In conclusion, the results of this study support PTR in select patients diagnosed with metastatic CC, as it provides a remarkable improvement to survival rate. The role of metastasectomy remains however controversial and no difference in survival outcomes exists between patients who received it and who did not. Ultimately, we report the presence of potential healthcare disparities as patients with higher income, education and better insurance status are more likely to survive.

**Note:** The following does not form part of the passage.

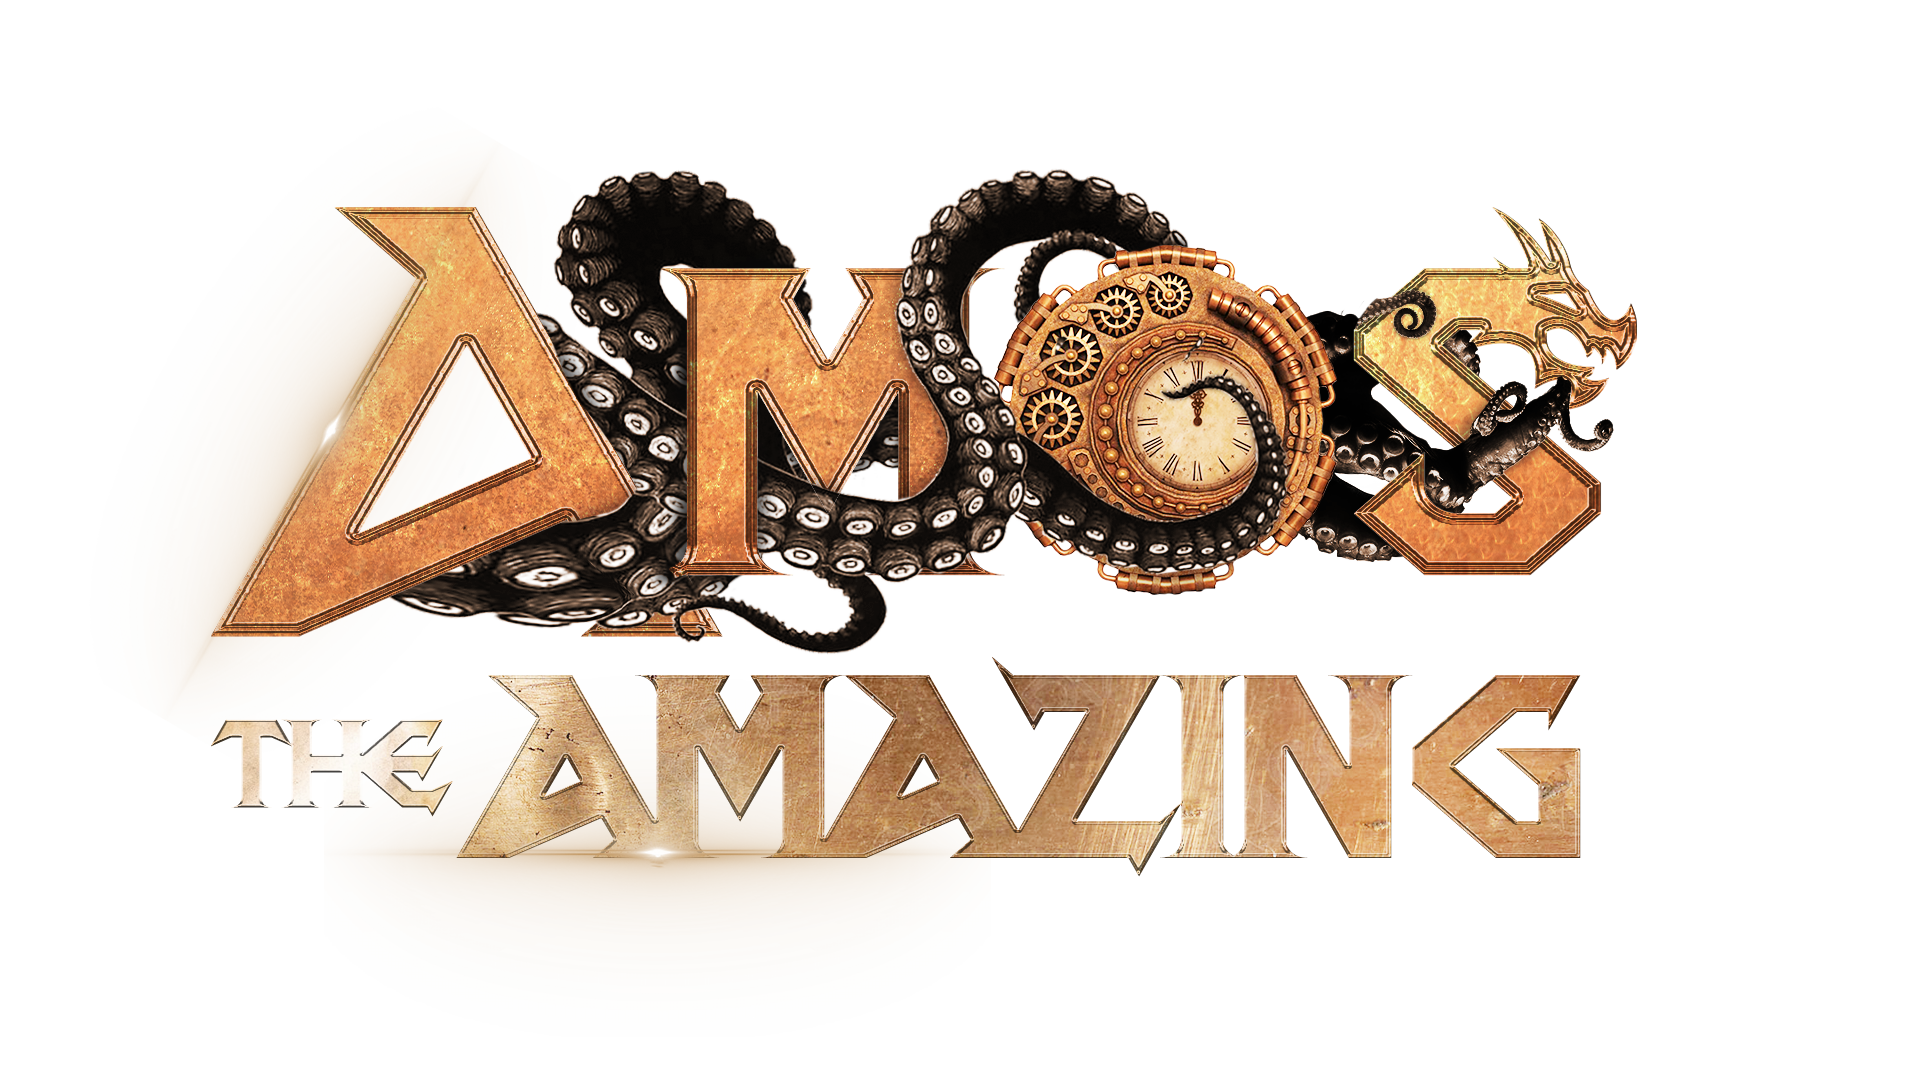 Amos the Amazing - coming soon to a bookstore near you.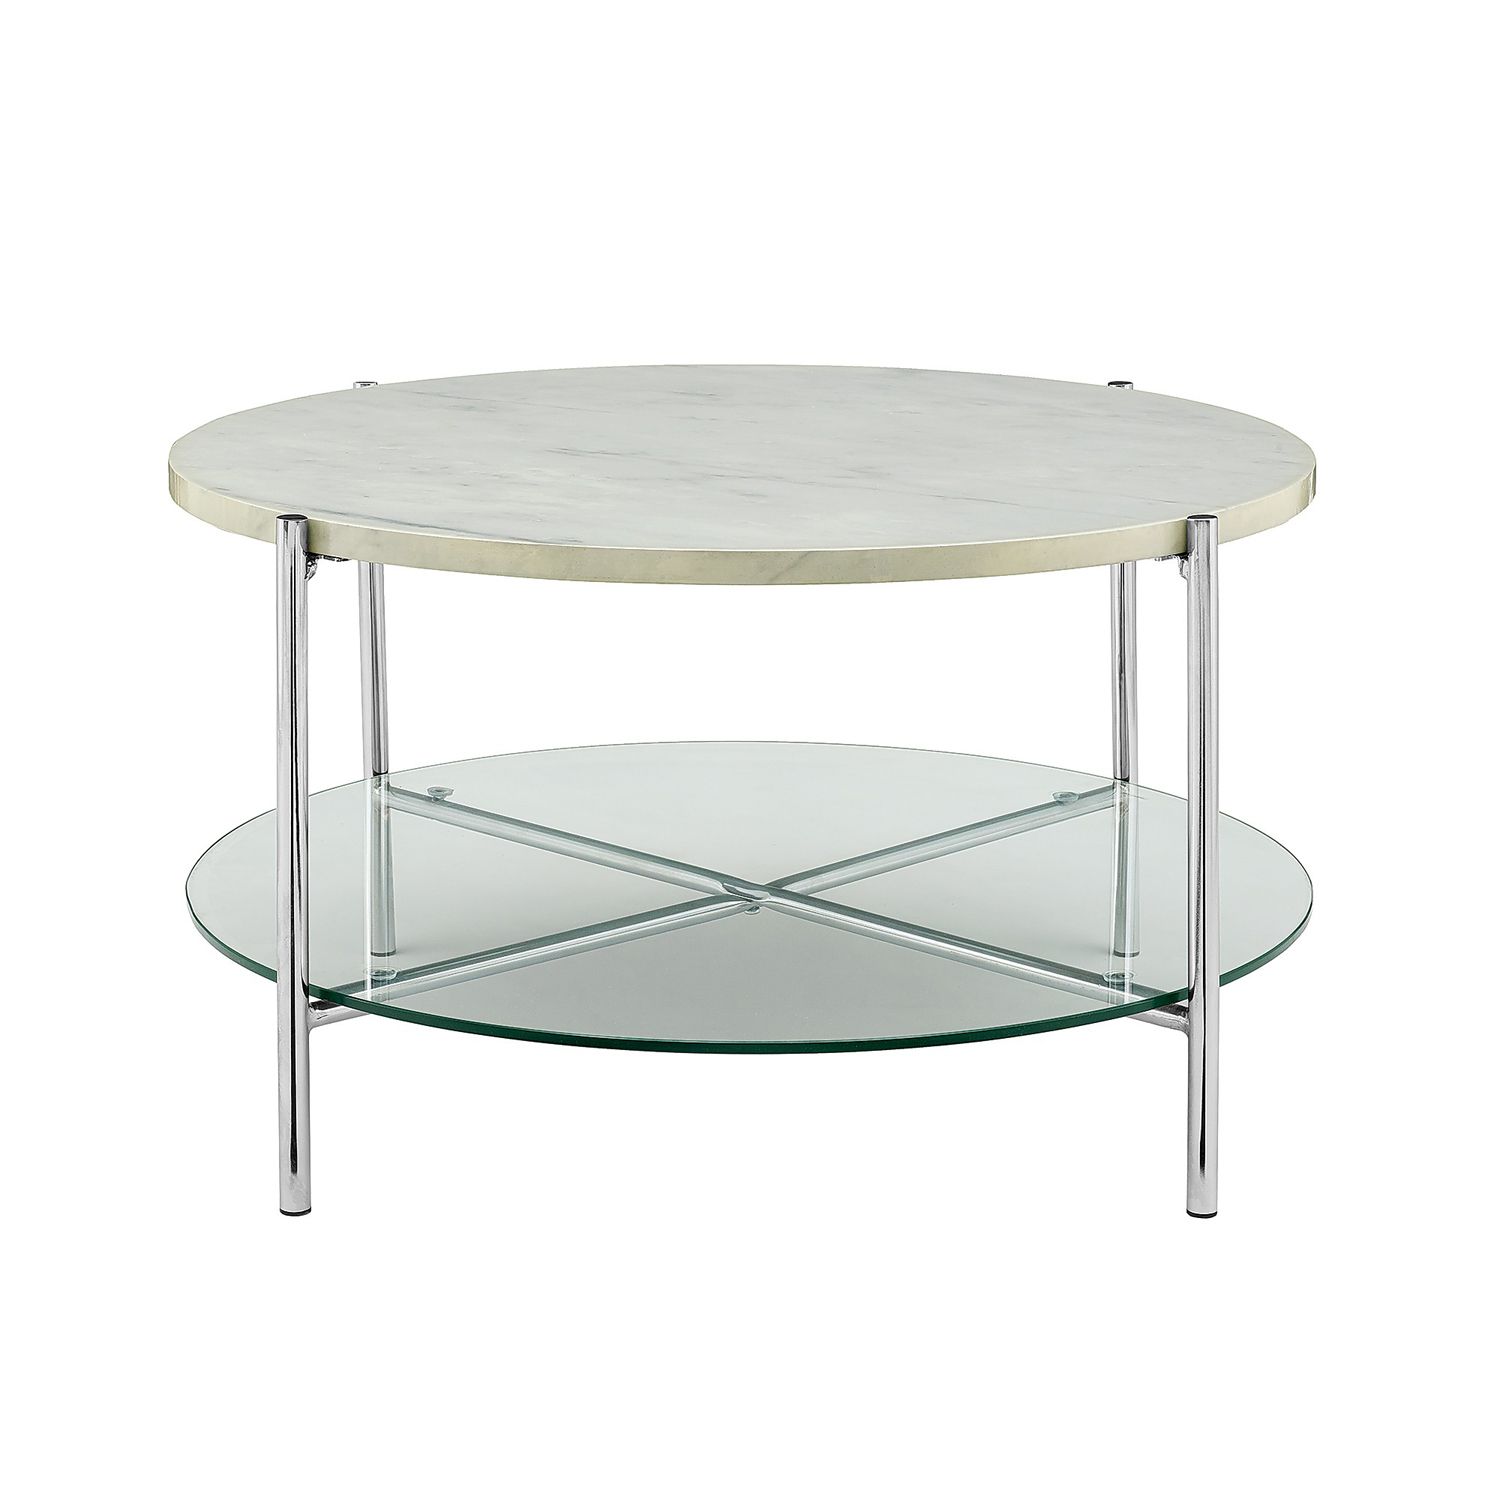 Faux Marble Round Coffee Table – Pier1 With Modern Round Faux Marble Coffee Tables (View 17 of 20)

More research and especially prospective studies are needed to better understand these critical aspects, in order to provide systematized strategies for stage IV CC patients undergoing surgery.
We acknowledge and thank the American College of Surgeons Committee on Cancer for providing access to the Participant User File from the National Cancer Data Base.
Funding: This work was supported by Roswell Park Cancer Institute and National Cancer Institute (NCI) grant P30CA016056.
Conflicts of Interest: The authors have no conflicts of interest to declare.
Ethical Statement: The authors are accountable for all aspects of the work in ensuring that questions related to the accuracy or integrity of any part of the work are appropriately investigated and resolved. As this study utilized a nationwide, de-identified database, it was deemed exempt from the Institutional Review Board.